Victor Martins qualified in ninth, which meant he would find himself on the front row for the sprint race, an opportunity he couldn’t waste. He didn’t, he overtook Kush Maini and led the pack taking his first win of the season.

However, with reduced points in the sprint race, Martins needed to repeat the performance to take home a larger and more valuable haul of points. But after a collision with Dennis Hauger in the opening lap, any hope of points was gone.

He left Barcelona with a win but only eight points which set him far from the championship lead.

Consistent points

Martins continued to suffer after Barcelona. With two retirements and a no-point finish in Silverstone and Speilberg Martins, a positive result in Barcelona seemed to be for nothing.

It felt as though with every step forward that Martins took, the championship contenders were taking three more. Something Martins voiced when he admitted it felt as though ART were “missing a lot of pace”.

Hungary seemed to be the turnaround point for both ART and Martins, taking two second-place finishes that weekend. In Monza and Baku, he found his way to the podium for two more second places and two points finishes for the rest of the weekend.
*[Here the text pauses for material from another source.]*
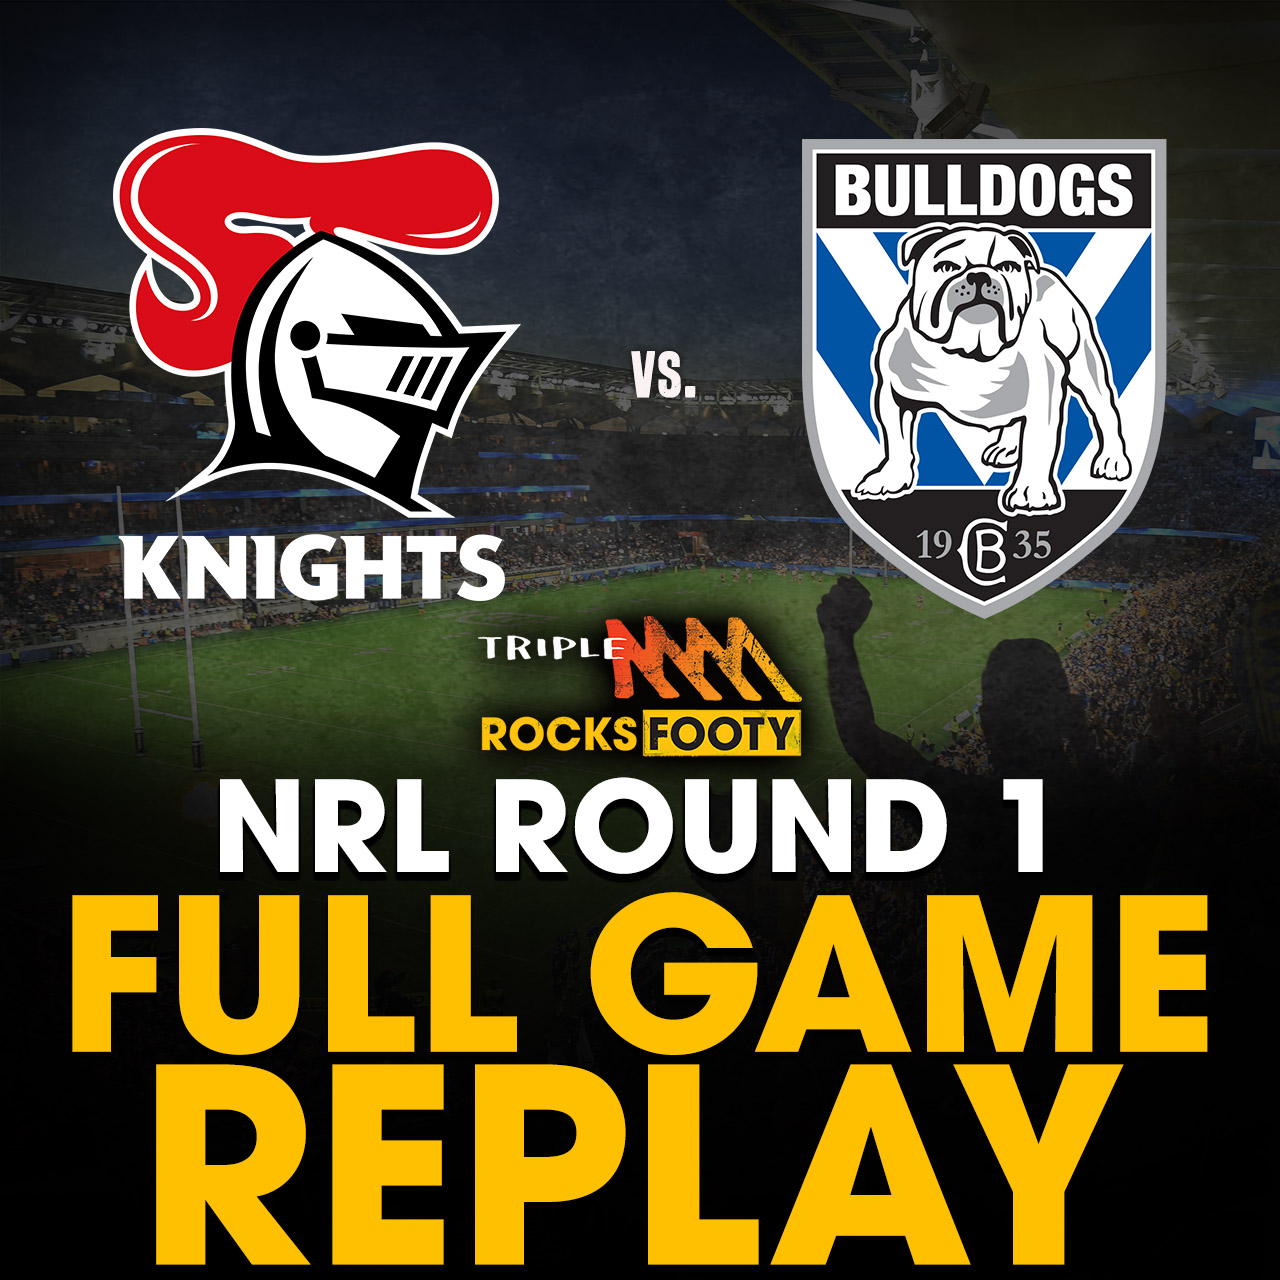 FULL GAME REPLAY | Newcastle Knights vs. Canterbury Bulldogs
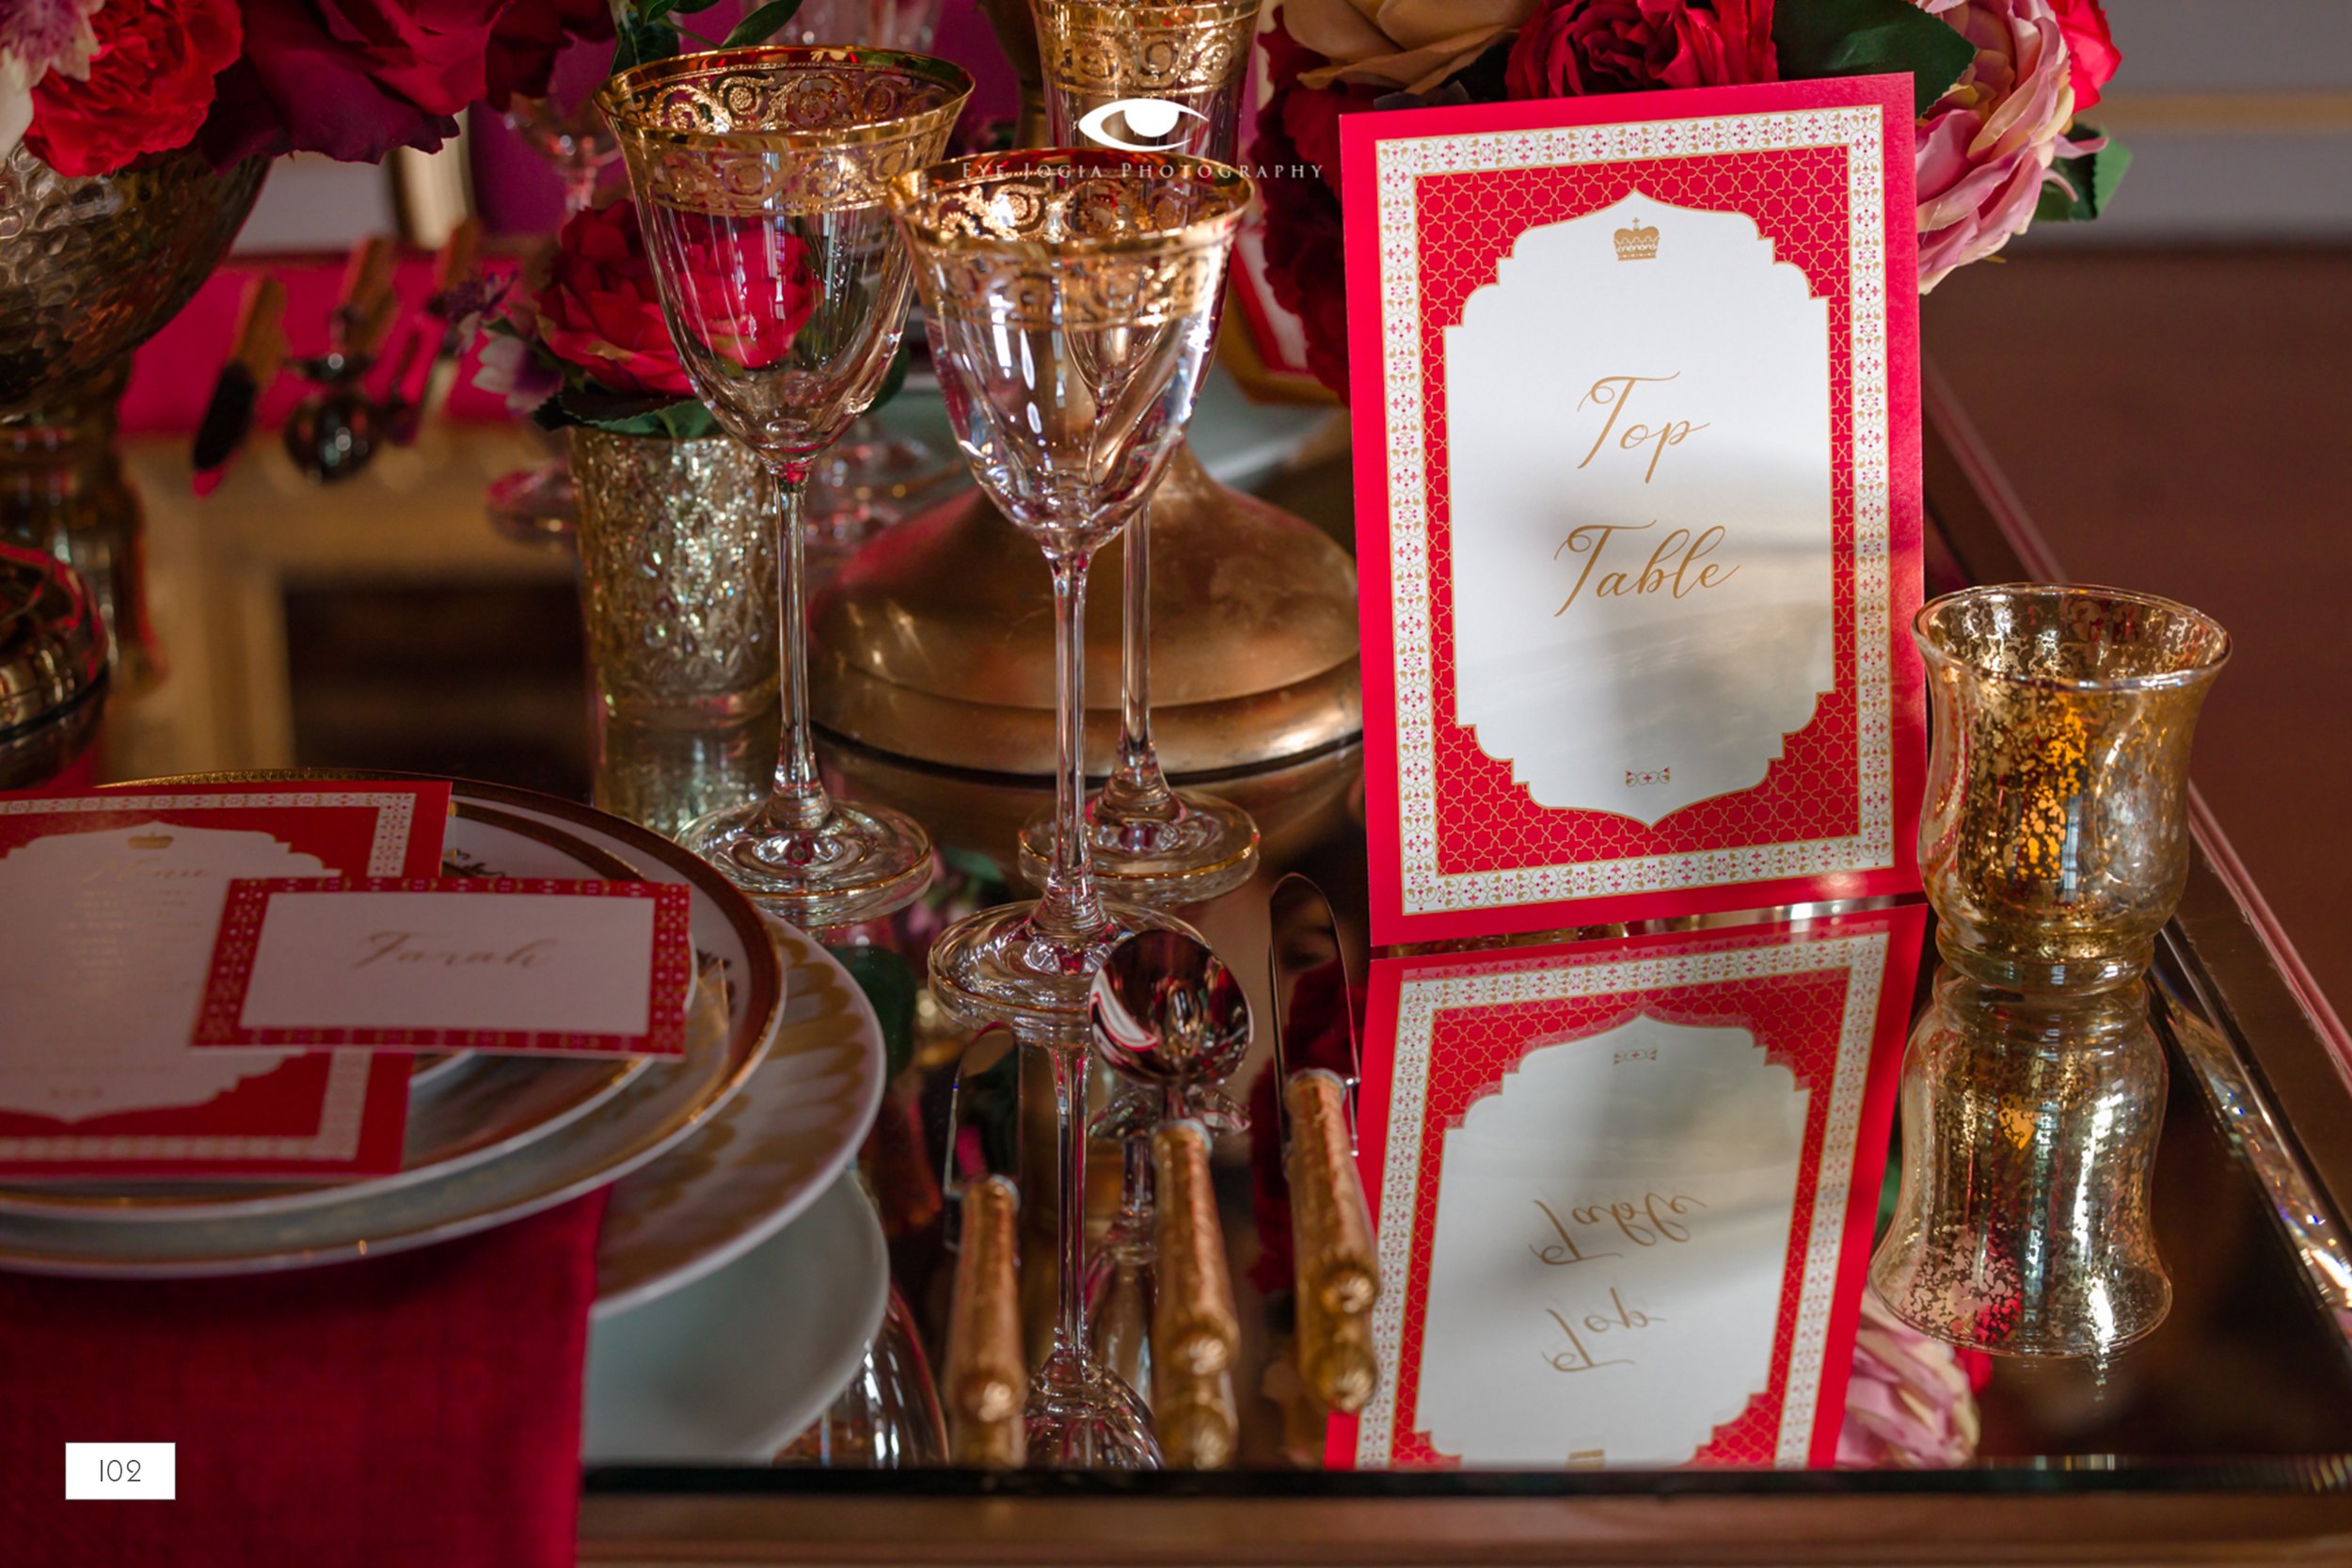 Muslim-Nikah-table-number-wedding-invitation_Kensington-Palace-I02_ananyacards.com.jpg

After Baku, he had another period of struggle before coming back to Abu Dhabi to end the season with a fourth-place finish putting him in seventh in the championship.

A season to forget

Throughout Victor Martins’ 2024 F2 season, he showed the performance of the driver who won F3 and Rookie of the Year in F2. Unfortunately, ART Grand Prix found themselves without the car to give him a fair shot at the elusive F2 title.

Much like Oliver Bearman, the 2024 season became a season of ‘what could have been’ for Martins but unlike the Brit, Martins lacks the consultation prize of a Formula 1 seat.

In fact, despite being one of the most decorated Alpine juniors, he finds himself getting lost in conversations with Jack Doohan, Franco Colapinto and Paul Aron now filling the space.

Martins deserves to be in the conversation and he will take the chance in 2025 to achieve the results to prove it.